Before statistical tests are applied, assumptions intrinsic to reproducibility analysis must be verified (e.g., normality of data and the nature of any relationship between measurement error and the magnitude of the parameters). Appropriate statistical parameters include the within-subject SD and coefficient of variance, and intraclass correlation coefficient should be quoted in communications (as detailed in Appendix 3). The repeatability statistic is a useful parameter for DCE-MRI studies because it informs on whether changes in a particular patient are significant.
Centers should define reproducibility of data that is traceable, for individuals and intergroup comparisons, allowing the power of studies to be defined prospectively for a defined end point. Where possible, and in the absence of existing reproducibility data specific to the method, two baseline measurements should be incorporated to allow assessment of individual patient reproducibility.
Multiple lesions per organ should be taken into account.
A standardized minimum statistical approach for reproducibility analysis should be reported.
In multicenter trials using identical (preferred) or similar methods (such as maintaining a constant field strength, imaging a single organ, etc.), comparison of precision and accuracy should be determined on phantoms to provide a basis for pooling of data, with account taken of corrections for machine-specific factors, and for sensitivity to motion effects not seen in phantoms.
Site qualification should be undertaken by the performance of measurements validated at a central analysis site before recruitment using standardized data from each site. Readers should refer to Appendix 4 on QA procedures and diffusion phantoms for further details.
Analyses of DW-MRI data in multicenter trials should be performed at a single center using a standardized validated software. The reliability of analyses should be assured using data from each participating center before starting the trial.
In each study, patient and lesion selection, as well as the number of studies per patient including reproducibility assessments, should be defined prospectively. Reproducibility studies should be done at each imaging site because it provides estimates of measurement error in multicenter settings but also serves as a quantitative QA measurement of site performance. Standardized QA procedures should be enforced on all institutions participating to keep the data as uniform as possible.
Every effort should be made to ensure that the study can proceed on a given MR unit even if the unit is upgraded to a higher software level. It is important for the viability of DW-MRI, as a biomarker that implemented DW-MRI methods, be impervious to upgrades and software changes; otherwise, its future as a biomarker is in question.
Robust data acquisition protocols that are able to deal effectively with physiological motions should be instituted and adhered to.

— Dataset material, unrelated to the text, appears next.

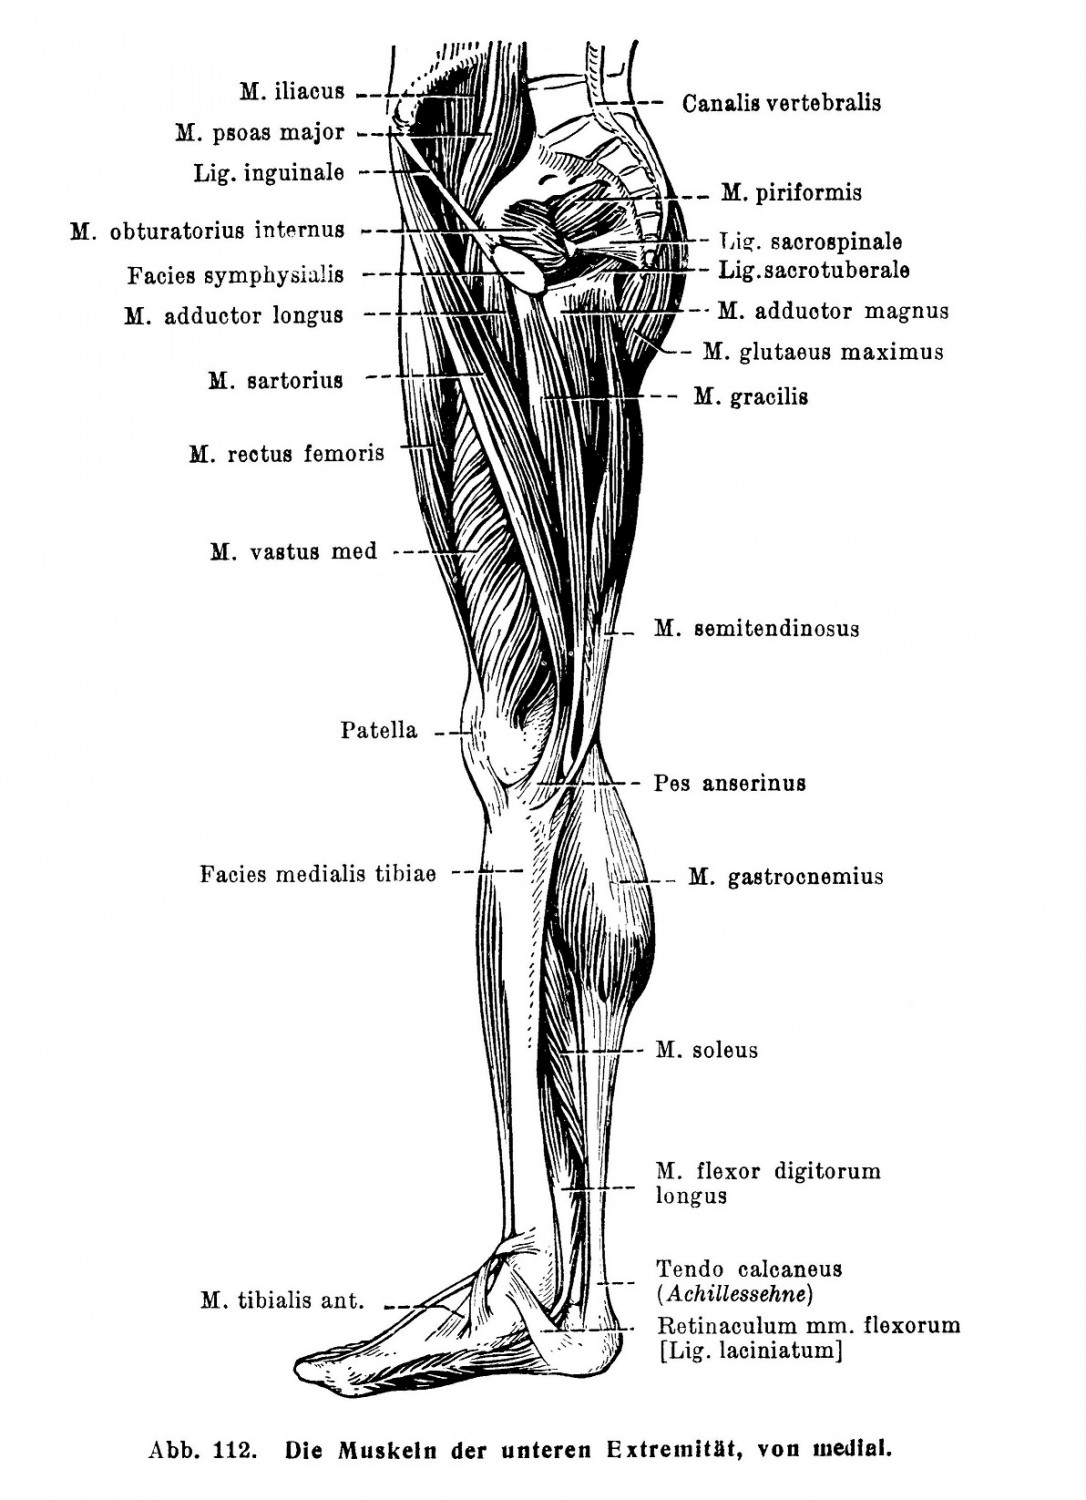 Die Muskeln der unteren Extremität, von medial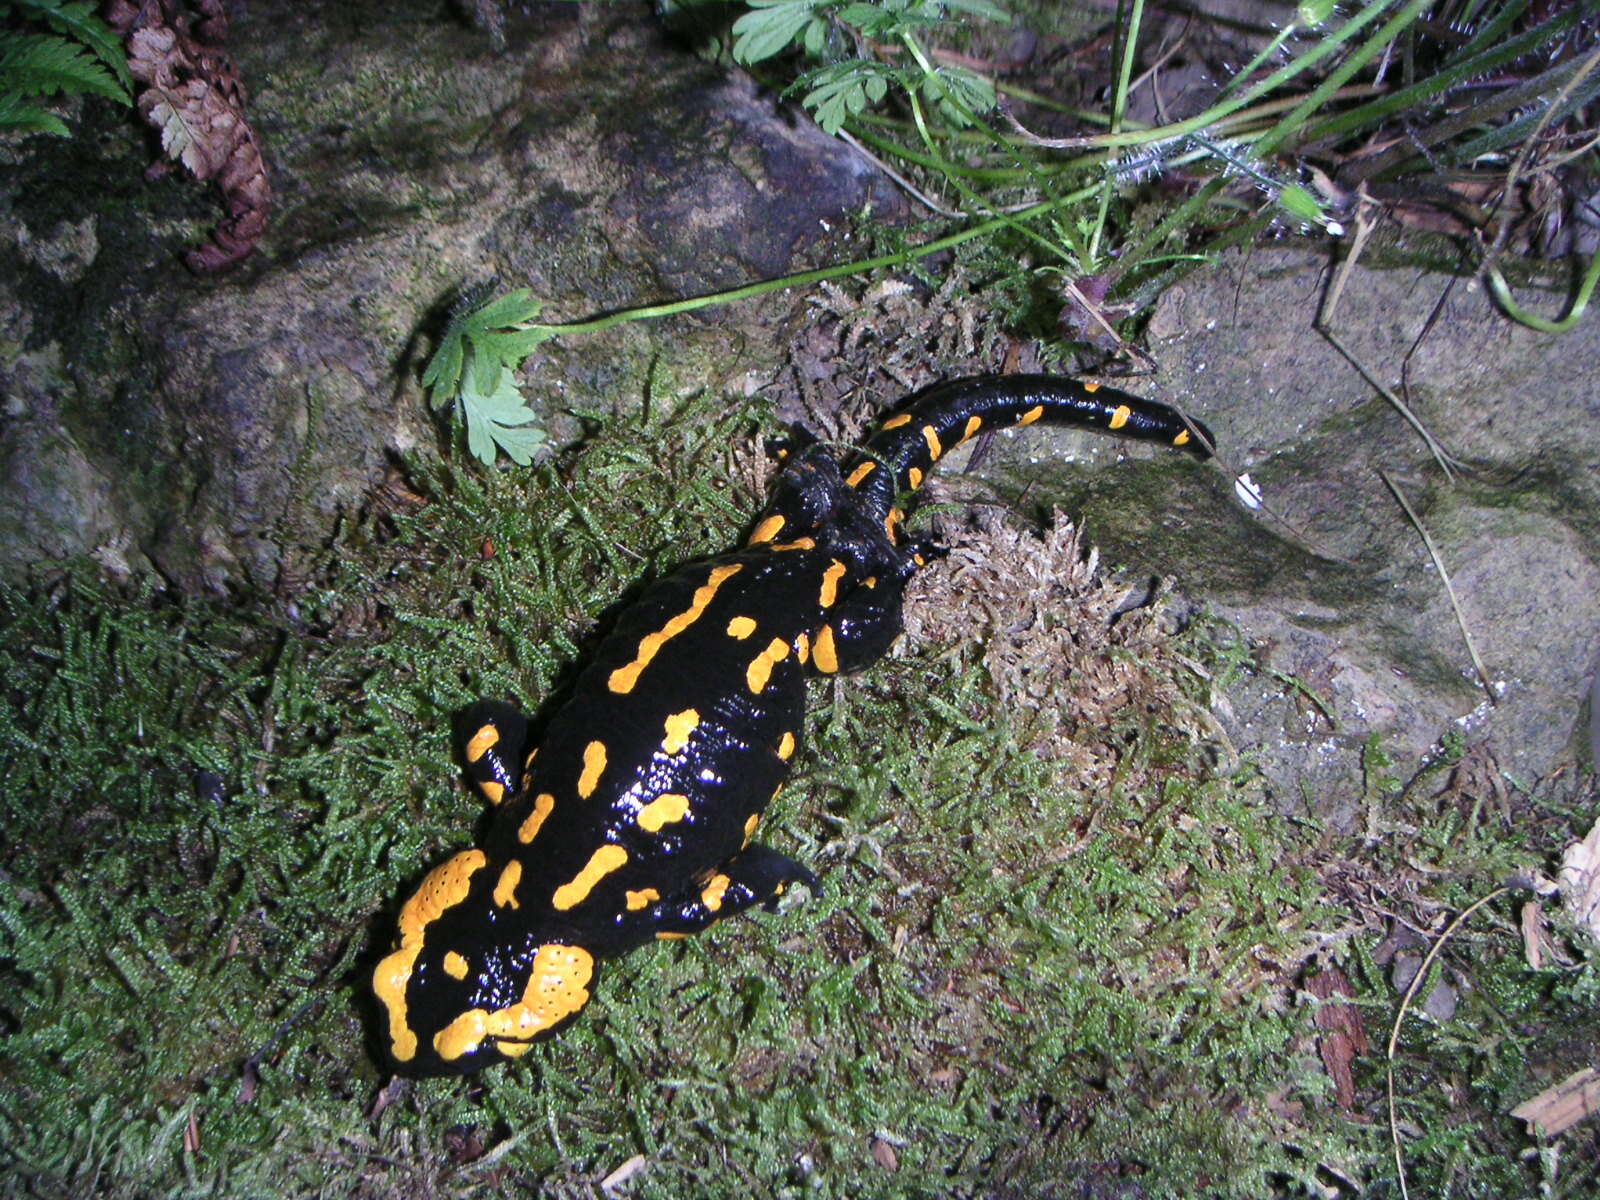 Image of Salamandra salamandra salamandra

Central data collections should incorporate appropriate QA and quality control procedures. Fast feedback to imaging sites is recommended to minimize data loss due to incomplete or incorrect imaging.The number and causes of failed examinations/analyses should be prospectively recorded. Ideally, failed examination/analysis rates should be <5% to 10%.
Data analysis should use a software that is fit for the purpose, is validated, and is preferably Food and Drug Administration 21 CFR part 11-compliant. 21 CFR Part 11 sets forth the requirements that need to be met to have the Food and Drug Administration consider electronic signatures and records equally trustworthy and just as reliable as handwritten signatures. Validation of software algorithms via multicenter trials is an essential need for obtaining regulatory approval to use DW-MRI as an accepted surrogate biomarker.
To promote the comparisons of ADC values obtained from different centers and for differing therapies and to overcome the dependence of ADC on the range of b values chosen for any particular study, perfusion-insensitive ADC values (by excluding the b = 0 sec/mm2 image from the ADC calculation) should always be quoted.
Additionally, study data should be publicly available to enable alternative analytic approaches that might be superior to the ones used in the study.
Animal validation should be undertaken before human studies to provide information on the appropriateness of using DW-MRI and may be able to indicate the optimal timing for doing imaging in human studies.
Double-baseline studies should be done to provide data about measurement error of imaging specific to the study and thus knowledge of what constitutes a significant change in an individual and in a group of patients (powering studies).
Quantified parameters such as ADC should be measured to derive physiologically meaning that can be related to drug mechanisms of action. Quantified parameters have the advantage of allowing interpatient and intrapatient comparisons to be made. Good quality control and QA are keys to success for multicenter studies.
Software applications that provide the means to standardize analysis and display of DW-MRI data will facilitate the advancement of this approach for diagnostic and therapeutic assessments in cancer imaging.
Software applications should allow efficient and reproducible analyses of DW-MRI data using tools that allow zoom and pan functionality for two-dimensional and three-dimensional displays. Efficient ROI/VOI delineations using anatomic and b-value images should be available.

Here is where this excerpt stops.